The Government’s plans to accelerate the state pension age increases mean that 500,000 women will have to wait for more than a year longer before receiving the state pension, leaving many women aged 56 and 57 feeling robbed.

300,000 women born between 6 December 1953 and 5 October 1954, will have to wait an extra 18 months, and an unlucky 33,000 born between 6 March 1954 and 5 April 1954 will have to wait an extra two years before being entitled to their state pension.

The majority of these women will already be well underway in their plans for retirement, with many already working reduced hours in order to care for grandchildren or elderly parents. Yet they are now being forced to make significant changes to their financial plans, with just five years notice before the changes kick in. 

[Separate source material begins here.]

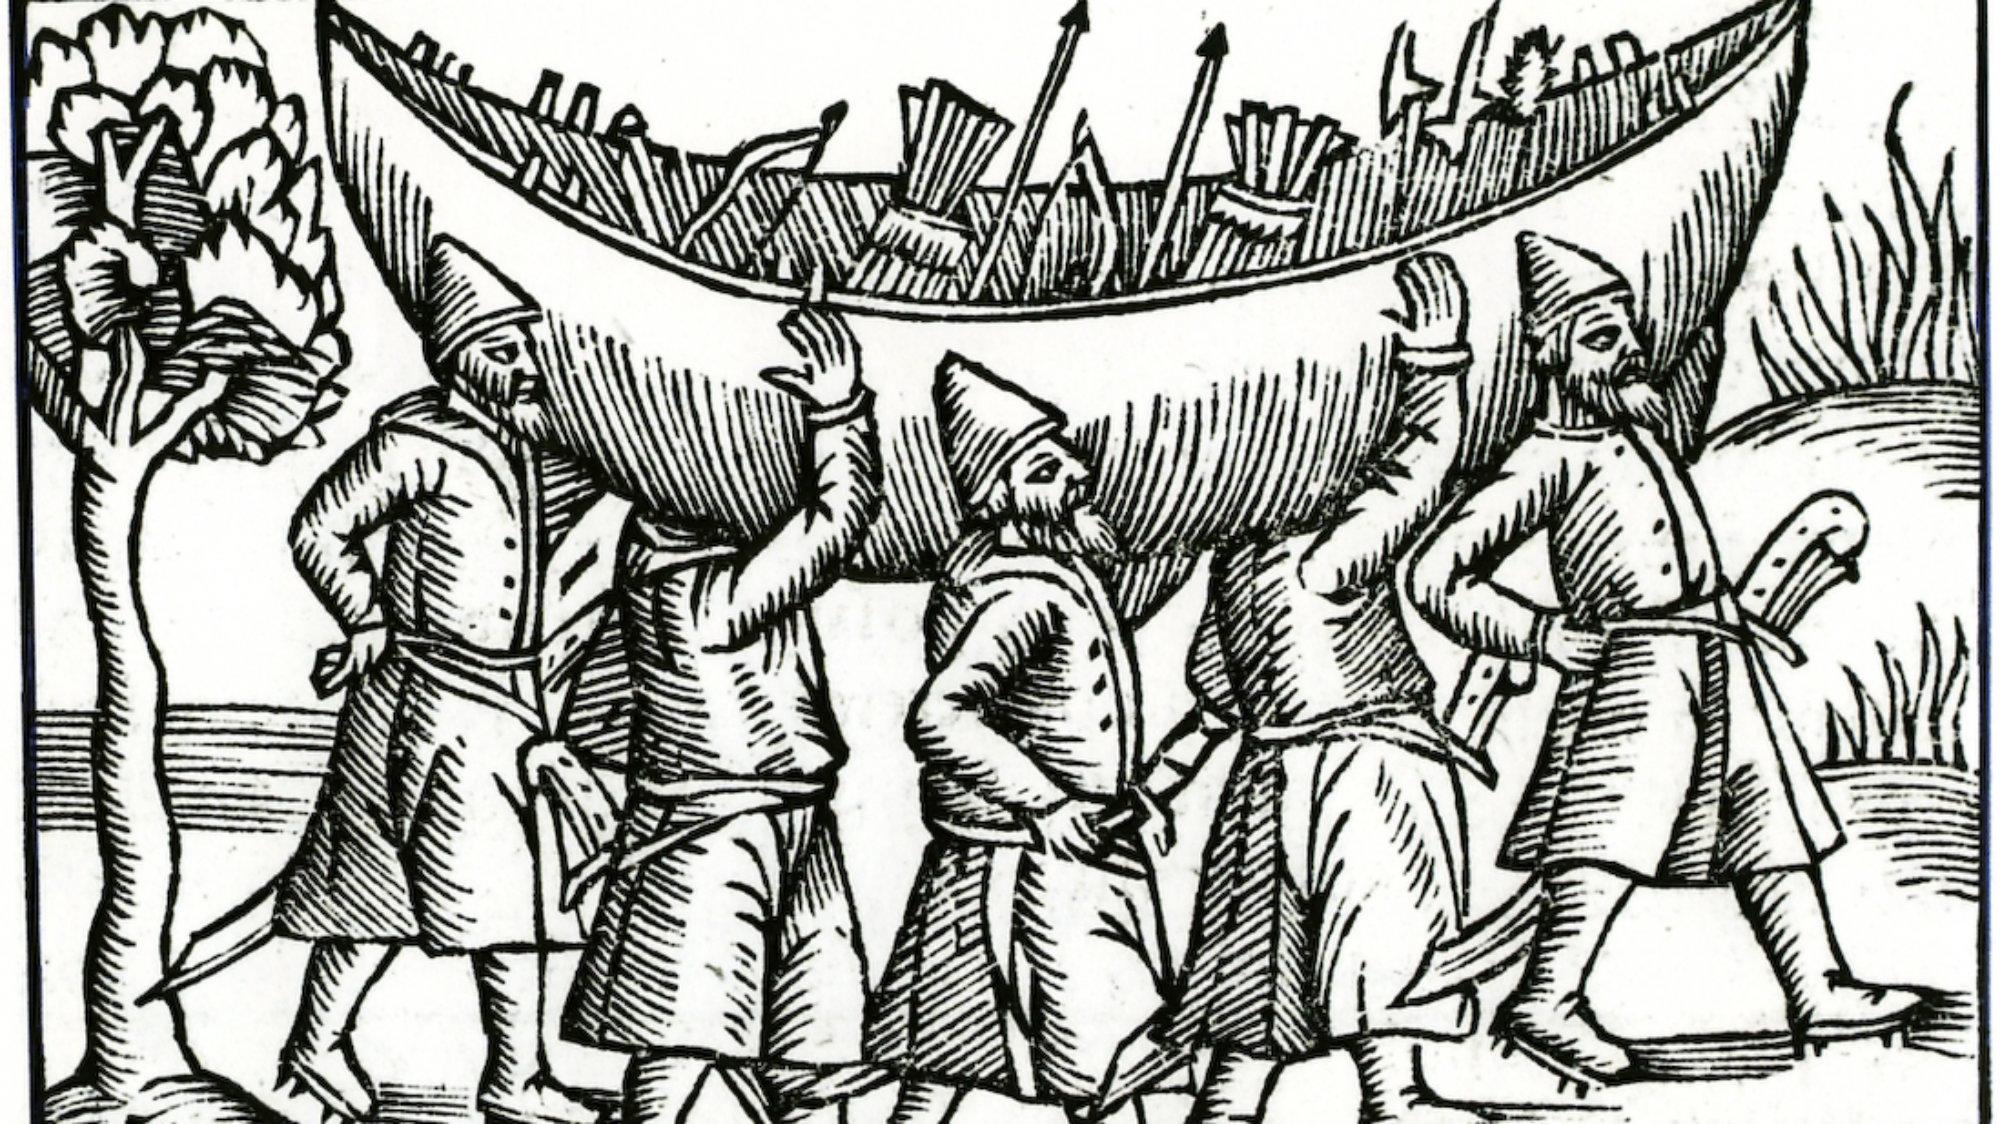 1554 engraving of Vikings transporting a boat.

The unlucky 33,000 born between 6 March 1954 and 5 April 1954 are set to lose around £10,000 in lost state pension or more than £15,000 if they get the full pension credit, with less than seven years to attempt to accommodate the change.

I have been contacted by many concerned constituents about this matter; 1,200 women in the Rother Valley alone are being made to wait up to two years longer for their state pension.

The Government could have saved money without unfairly impacting women. They could have dealt with increasing life expectancy but not increased anyone’s pension age by more than a year. They could have chosen a fairer path.

Indeed, the coalition agreement promised that the changes would not be made so quickly – but instead they will be coming in before 2020. I promise I will fight this Government on these unfair changes.